*** Information Section Begins ***

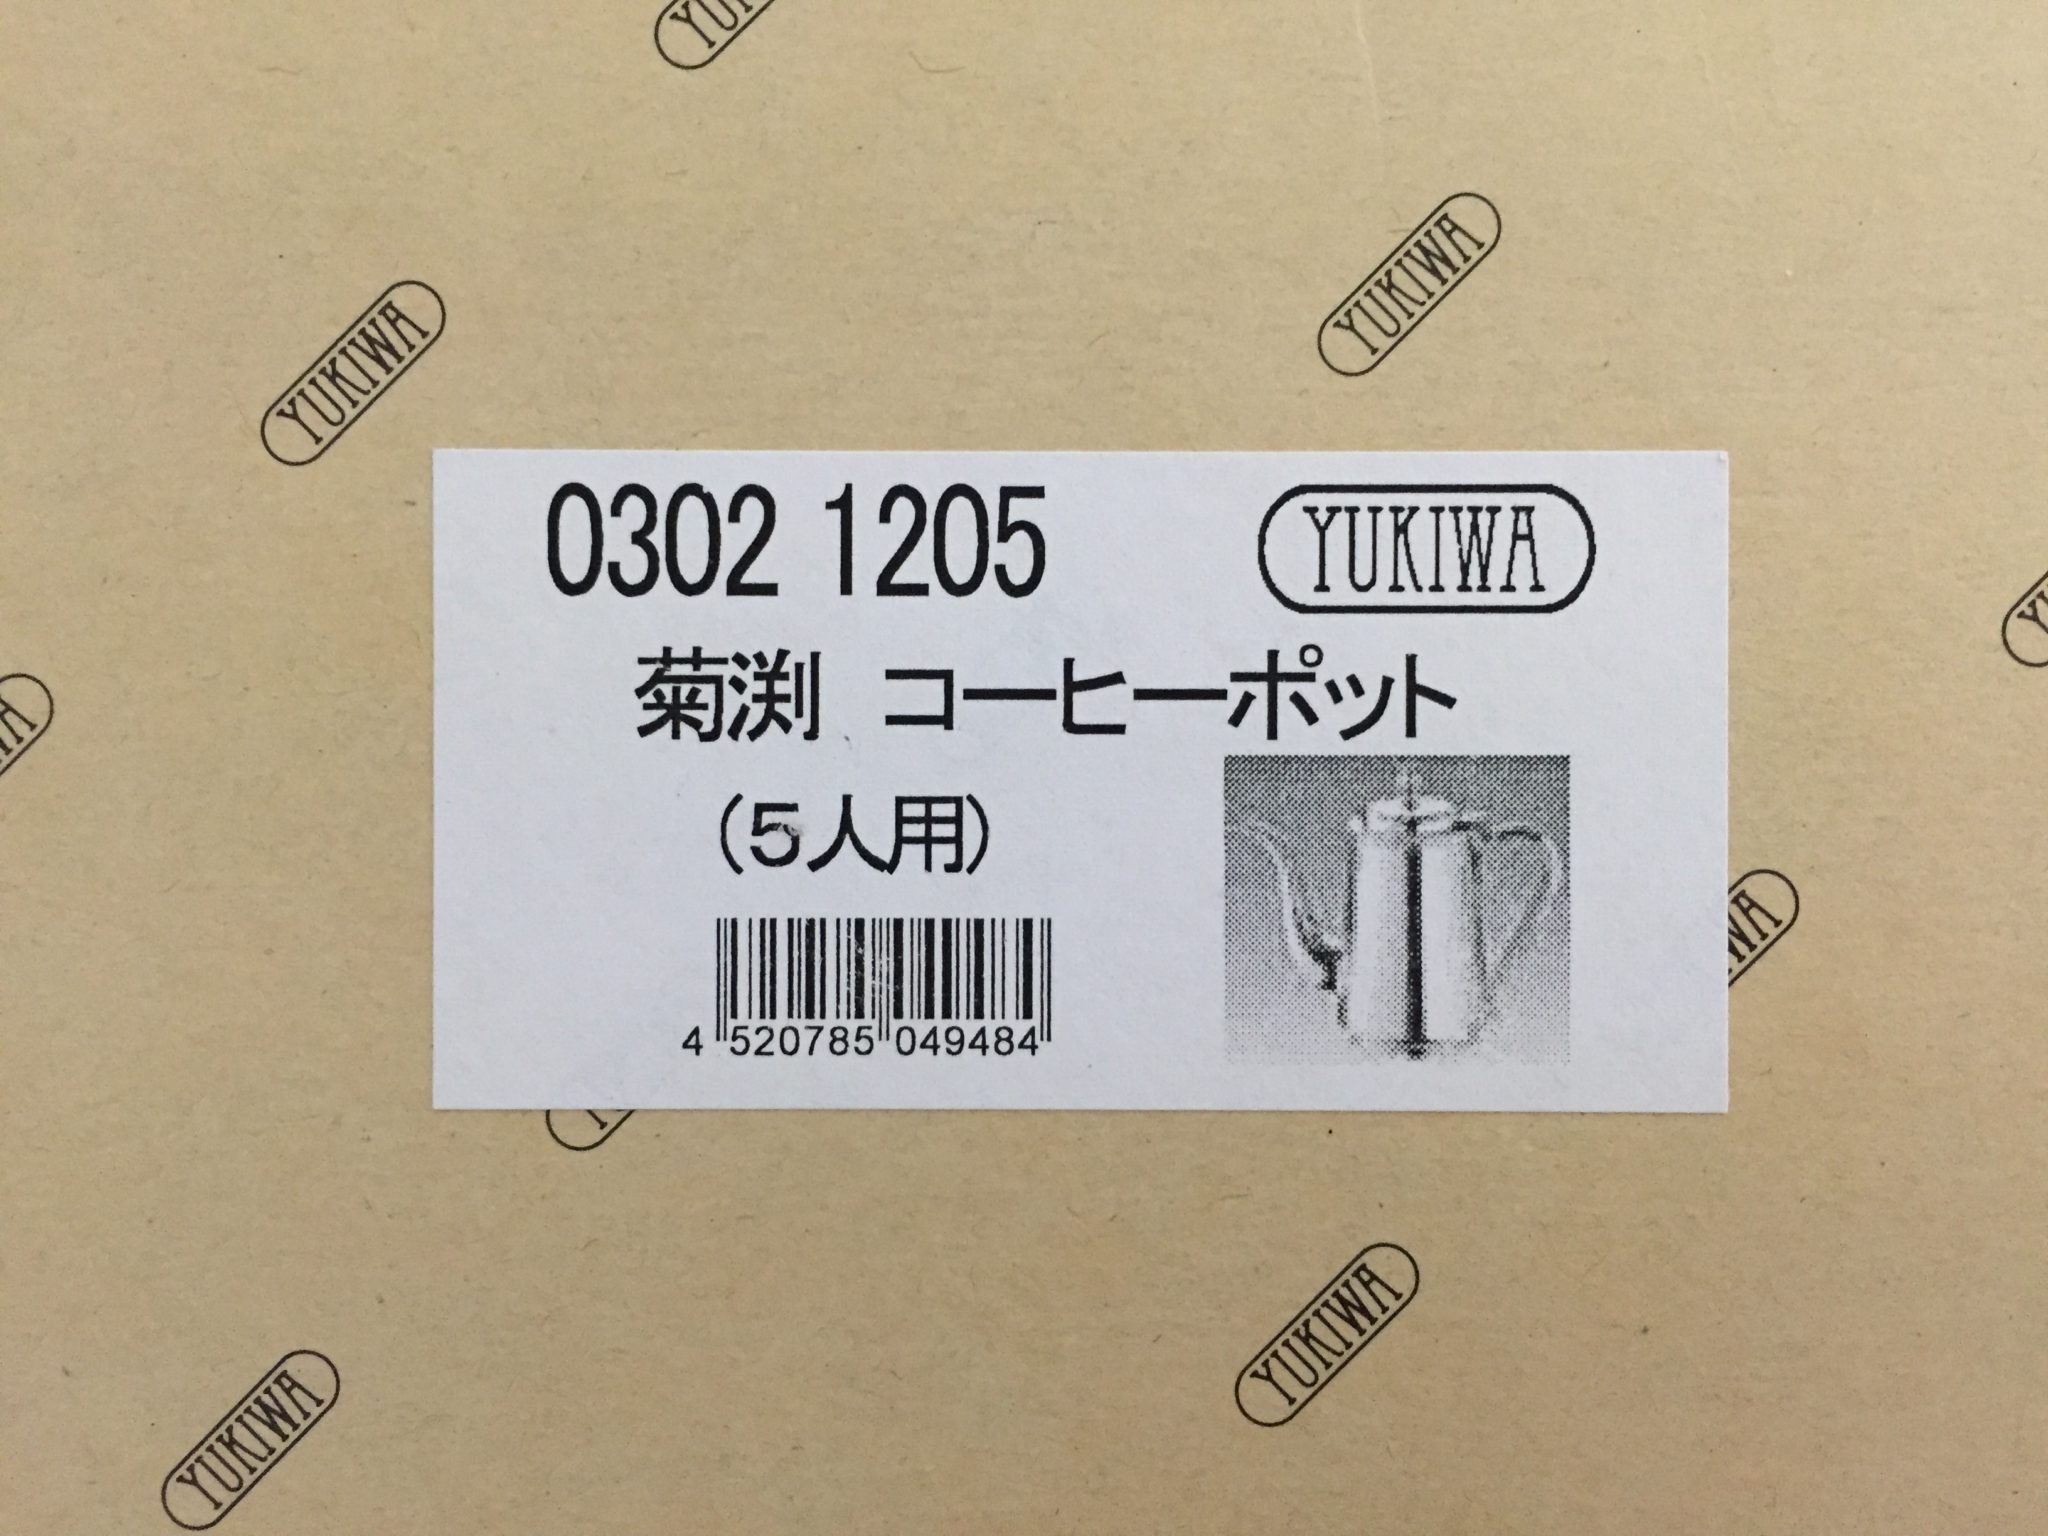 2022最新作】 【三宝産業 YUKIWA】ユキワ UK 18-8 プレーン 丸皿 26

*** Information Section Ends ***
*** Information Section Begins ***

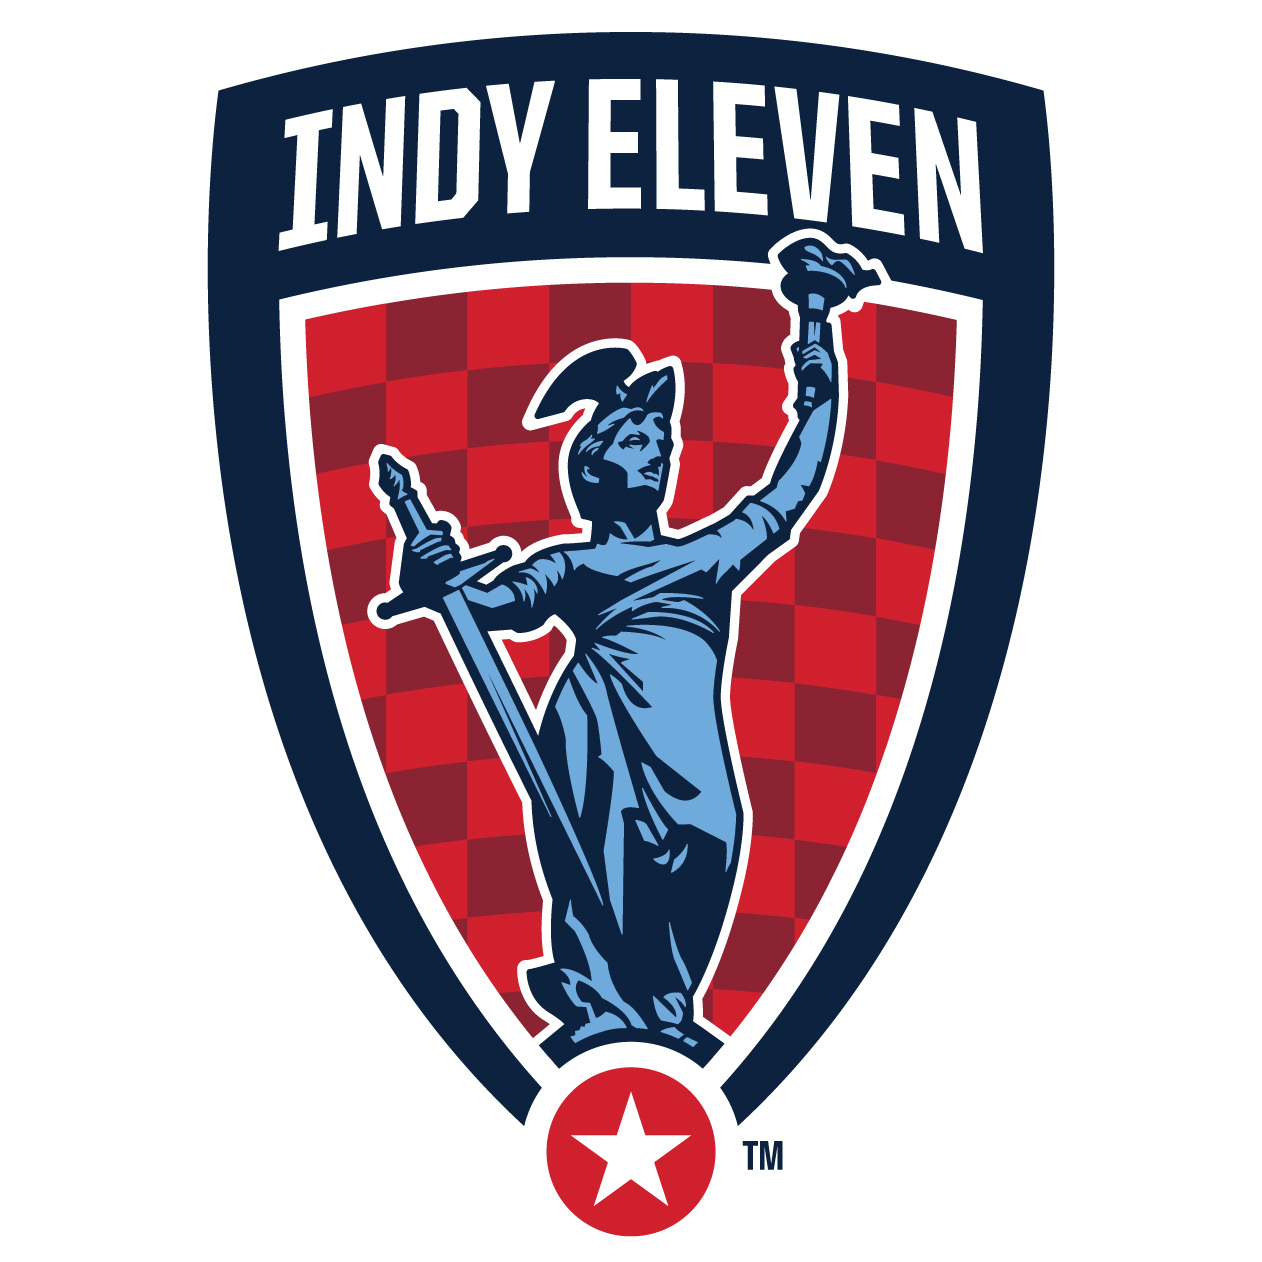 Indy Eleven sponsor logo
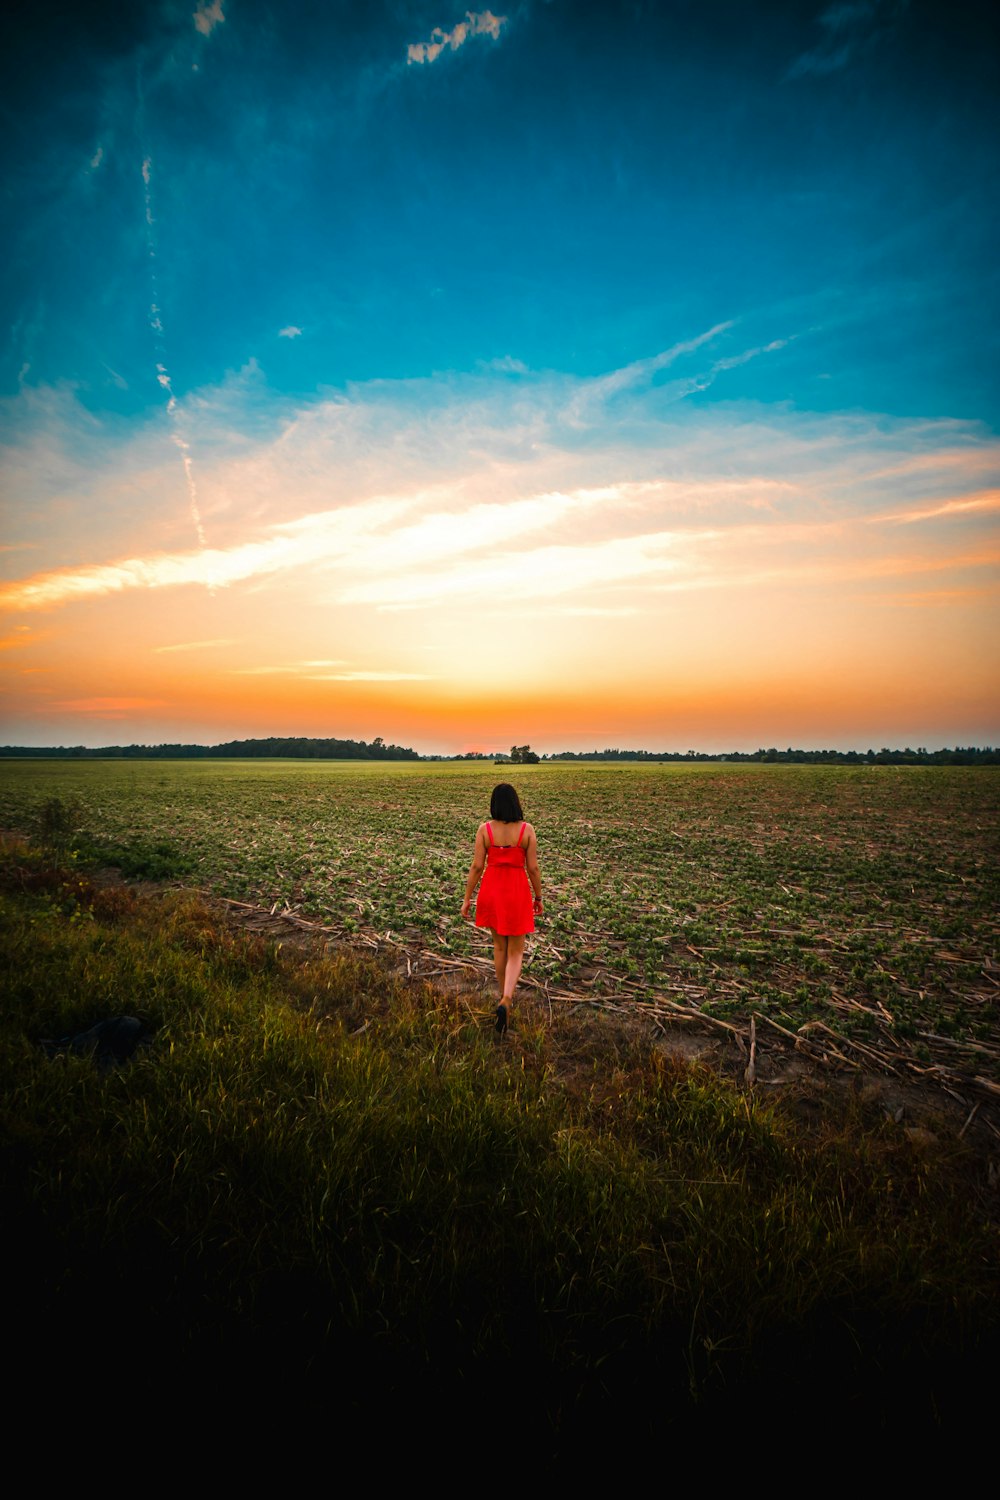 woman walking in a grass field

*** Information Section Ends ***

• [Problem statement]: Output exactly the lines of the listing above that start with the one holding "Indy Eleven sponsor logo" and go on through the one holding "woman walking in a grass field"; leave the pictures out.

• [Task response]:
 Indy Eleven sponsor logo
 woman walking in a grass field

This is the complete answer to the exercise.